Bitcoin’s price rally past $118,000 triggered one of the biggest short squeezes of the year, catching bearish traders off guard and accelerating the move.
Over a 24-hour window, around $1.13 billion in crypto positions were liquidated, with roughly $1.01 billion coming from short sellers. This marked the most significant short-side flush reported for 2025 at the time of the move.
What happened: a liquidation cascade
Liquidations occur when leveraged positions can’t meet margin requirements. When price rises sharply, short positions are forced to buy back (cover), which can create a feedback loop: forced buying pushes price higher, triggering more liquidations.
Futures frenzy: BTC led the charge
The sharp move was driven by Bitcoin futures, accounting for nearly $590 million in liquidations, followed by Ethereum (ETH) futures at about $241 million. Data trackers also showed a rapid jump in derivatives activity, with open interest rising sharply within hours and positioning flipping more long-heavy.
The sudden momentum left many traders scrambling to cover shorts, adding further upward pressure as forced buy orders hit the market.
Nearly 237,000 traders liquidated
Based on CoinGlass figures cited at the time, roughly 237,000 traders saw positions closed out. The largest single liquidation reported was an $88.5 million BTC‑USDT short on HTX.
Exchanges hit the hardest
- Bybit recorded the largest share with about $461 million in liquidations, with over 93% attributed to shorts.
- Binance and HTX followed, with about $204 million and $193 million in total liquidations, respectively.
How short liquidations can amplify rallies
A short position profits if price falls. But if price rises, losses can grow quickly—especially with leverage. To limit risk, exchanges automatically close positions once margin thresholds are breached. That forced close typically executes as a market buy, which can:
- Increase immediate spot and/or futures buying pressure
- Push price into other traders’ stop-loss and liquidation levels
- Drive a rapid, self-reinforcing “short squeeze”
Broader market optimism lifted altcoins
Bitcoin’s move happened alongside broader risk-on sentiment across crypto markets, supported by factors traders were watching closely:
- Policy and regulatory signals (including ongoing debate around market structure and oversight)

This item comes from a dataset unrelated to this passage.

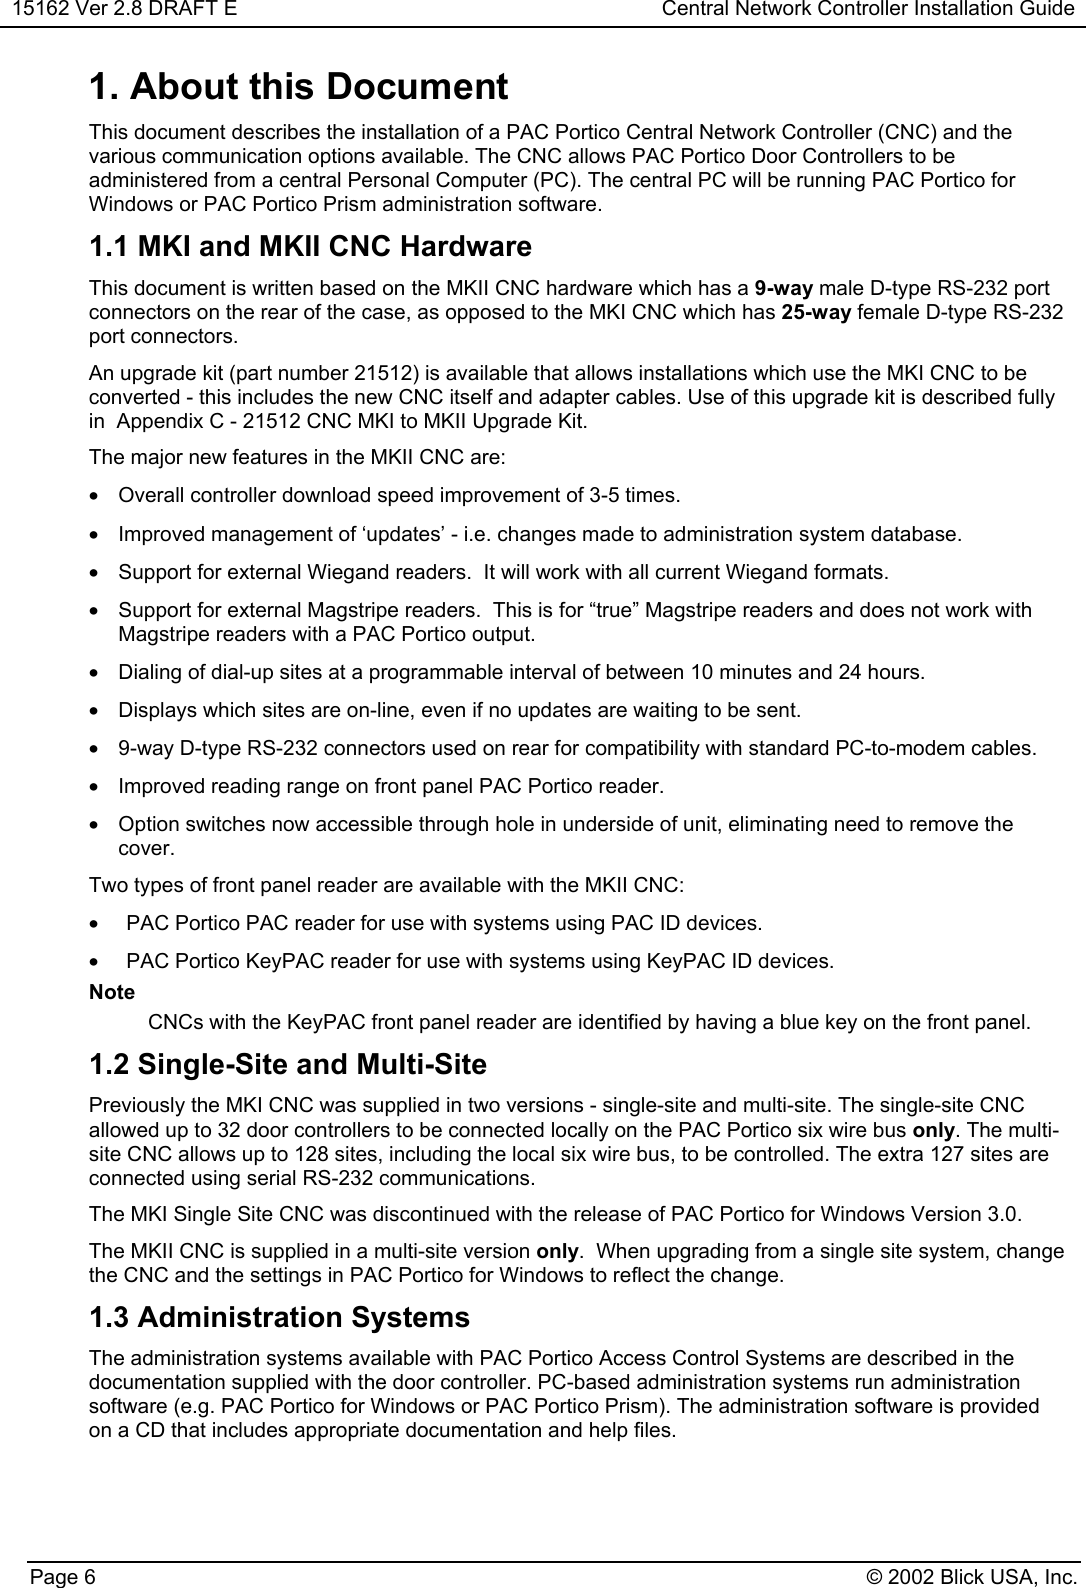 15162 Ver 2.8 DRAFT E Central Network Controller Installation GuidePage 6 © 2002 Blick USA, Inc.1. About this DocumentThis document describes the installation of a PAC Portico Central Network Controller (CNC) and thevarious communication options available. The CNC allows PAC Portico Door Controllers to beadministered from a central Personal Computer (PC). The central PC will be running PAC Portico forWindows or PAC Portico Prism administration software.1.1 MKI and MKII CNC HardwareThis document is written based on the MKII CNC hardware which has a 9-way male D-type RS-232 portconnectors on the rear of the case, as opposed to the MKI CNC which has 25-way female D-type RS-232port connectors.An upgrade kit (part number 21512) is available that allows installations which use the MKI CNC to beconverted - this includes the new CNC itself and adapter cables. Use of this upgrade kit is described fullyin  Appendix C - 21512 CNC MKI to MKII Upgrade Kit.The major new features in the MKII CNC are:•  Overall controller download speed improvement of 3-5 times.•  Improved management of ‘updates’ - i.e. changes made to administration system database.•  Support for external Wiegand readers.  It will work with all current Wiegand formats.•  Support for external Magstripe readers.  This is for “true” Magstripe readers and does not work withMagstripe readers with a PAC Portico output.•  Dialing of dial-up sites at a programmable interval of between 10 minutes and 24 hours.•  Displays which sites are on-line, even if no updates are waiting to be sent.•  9-way D-type RS-232 connectors used on rear for compatibility with standard PC-to-modem cables.•  Improved reading range on front panel PAC Portico reader.•  Option switches now accessible through hole in underside of unit, eliminating need to remove thecover.Two types of front panel reader are available with the MKII CNC:•  PAC Portico PAC reader for use with systems using PAC ID devices.•  PAC Portico KeyPAC reader for use with systems using KeyPAC ID devices.NoteCNCs with the KeyPAC front panel reader are identified by having a blue key on the front panel.1.2 Single-Site and Multi-SitePreviously the MKI CNC was supplied in two versions - single-site and multi-site. The single-site CNCallowed up to 32 door controllers to be connected locally on the PAC Portico six wire bus only. The multi-site CNC allows up to 128 sites, including the local six wire bus, to be controlled. The extra 127 sites areconnected using serial RS-232 communications.The MKI Single Site CNC was discontinued with the release of PAC Portico for Windows Version 3.0.The MKII CNC is supplied in a multi-site version only.  When upgrading from a single site system, changethe CNC and the settings in PAC Portico for Windows to reflect the change.1.3 Administration SystemsThe administration systems available with PAC Portico Access Control Systems are described in thedocumentation supplied with the door controller. PC-based administration systems run administrationsoftware (e.g. PAC Portico for Windows or PAC Portico Prism). The administration software is providedon a CD that includes appropriate documentation and help files.

- Strength in tech equities, which often correlates with crypto risk appetite
- ETF flow narratives that can influence expectations for demand
Other large-cap tokens such as XRP, Ethereum, Dogecoin, and Solana (SOL) also posted gains (reported up to ~5% in the same window), contributing to a broader upswing.
EU angle: what this highlights for European traders
For readers in the EU, this episode underscores how quickly leverage can reshape market moves—especially on perpetual futures and high-leverage products. While the EU’s MiCA framework is raising the bar for crypto-asset service providers operating in Europe, many derivatives venues used by EU residents may be based outside the EU or offered via cross-border arrangements.

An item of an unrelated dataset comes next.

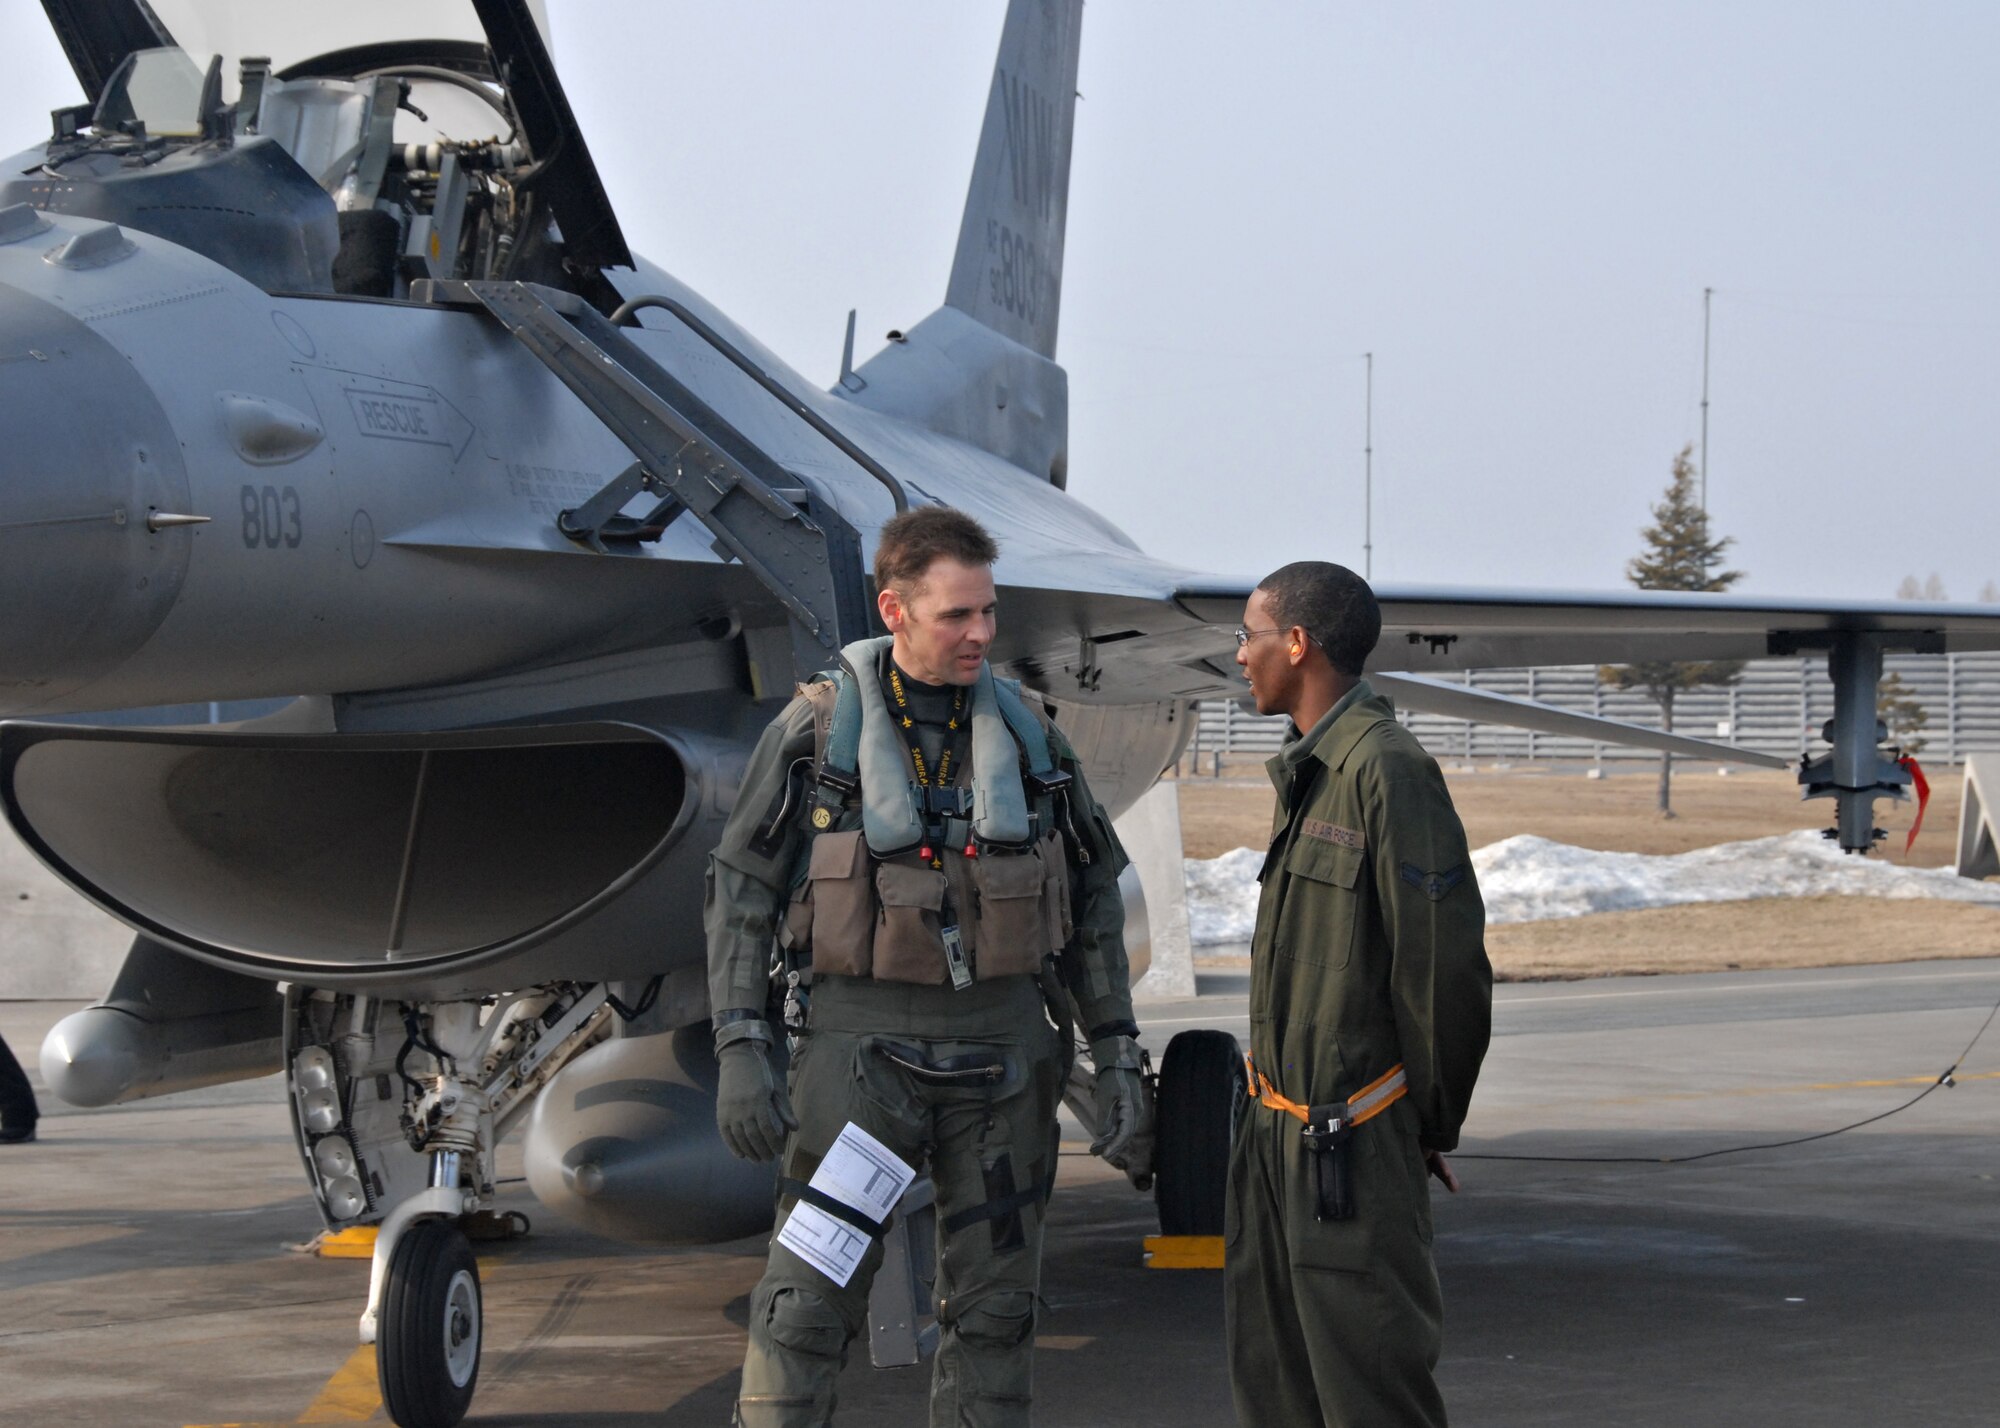 MISAWA AIR BASE, Japan -- Lt. Col. Charles Toplikar, 14th Fighter Squadron commander, talks with Airman 1st Class Alvin Felder, 35th Aircraft Maintenance Squadron crew chief, during a pre-flight inspection March 11, 2008. Colonel Toplikar and other 14th Fighter Squadron members participated in Seikan War, a joint bilateral air exercise, with the Japan Air Self Defense Force from March 10-13, 2008. (U.S. Air Force photo by Staff Sgt. Rachel Martinez)

- Check platform status and protections: Not all venues provide the same investor protections, disclosures, or complaint pathways.
- Understand liquidation mechanics: Funding rates, maintenance margin, auto-deleveraging (ADL), and insurance funds can materially affect outcomes during volatility.
- Risk can be amplified in EUR terms: Even if BTC is quoted in USD/USDT, EU users often measure performance and tax obligations in EUR, adding FX considerations.
FAQ
What does “$1B in short liquidations” actually mean?
It refers to the notional value of leveraged positions that were forcibly closed by exchanges when traders couldn’t maintain required margin. It’s not the same as “$1B of fresh buying,” but it often involves forced buy orders that can intensify a rally.
Why do short squeezes happen so fast in crypto?
Crypto markets are highly leveraged and trade 24/7. When price jumps, clustered liquidation levels and stop orders can trigger automatically, creating rapid cascades—especially in perpetual futures.
Does MiCA stop these liquidation events in the EU?
No. MiCA improves rules for many crypto services offered in the EU, but it doesn’t remove market volatility or the mechanics of leverage. Liquidations can still occur, and exposure may depend on the product type and where the platform is regulated and operated.
Key takeaways
- Bitcoin’s move above $118,000 coincided with roughly $1.13B in liquidations, dominated by shorts (~$1.01B).
- Forced short covering can accelerate price rises via a liquidation cascade.
- BTC and ETH futures led liquidation totals, with major impacts across top exchanges.
- EU traders should pay close attention to platform jurisdiction, leverage terms, and liquidation rules—especially when using derivatives.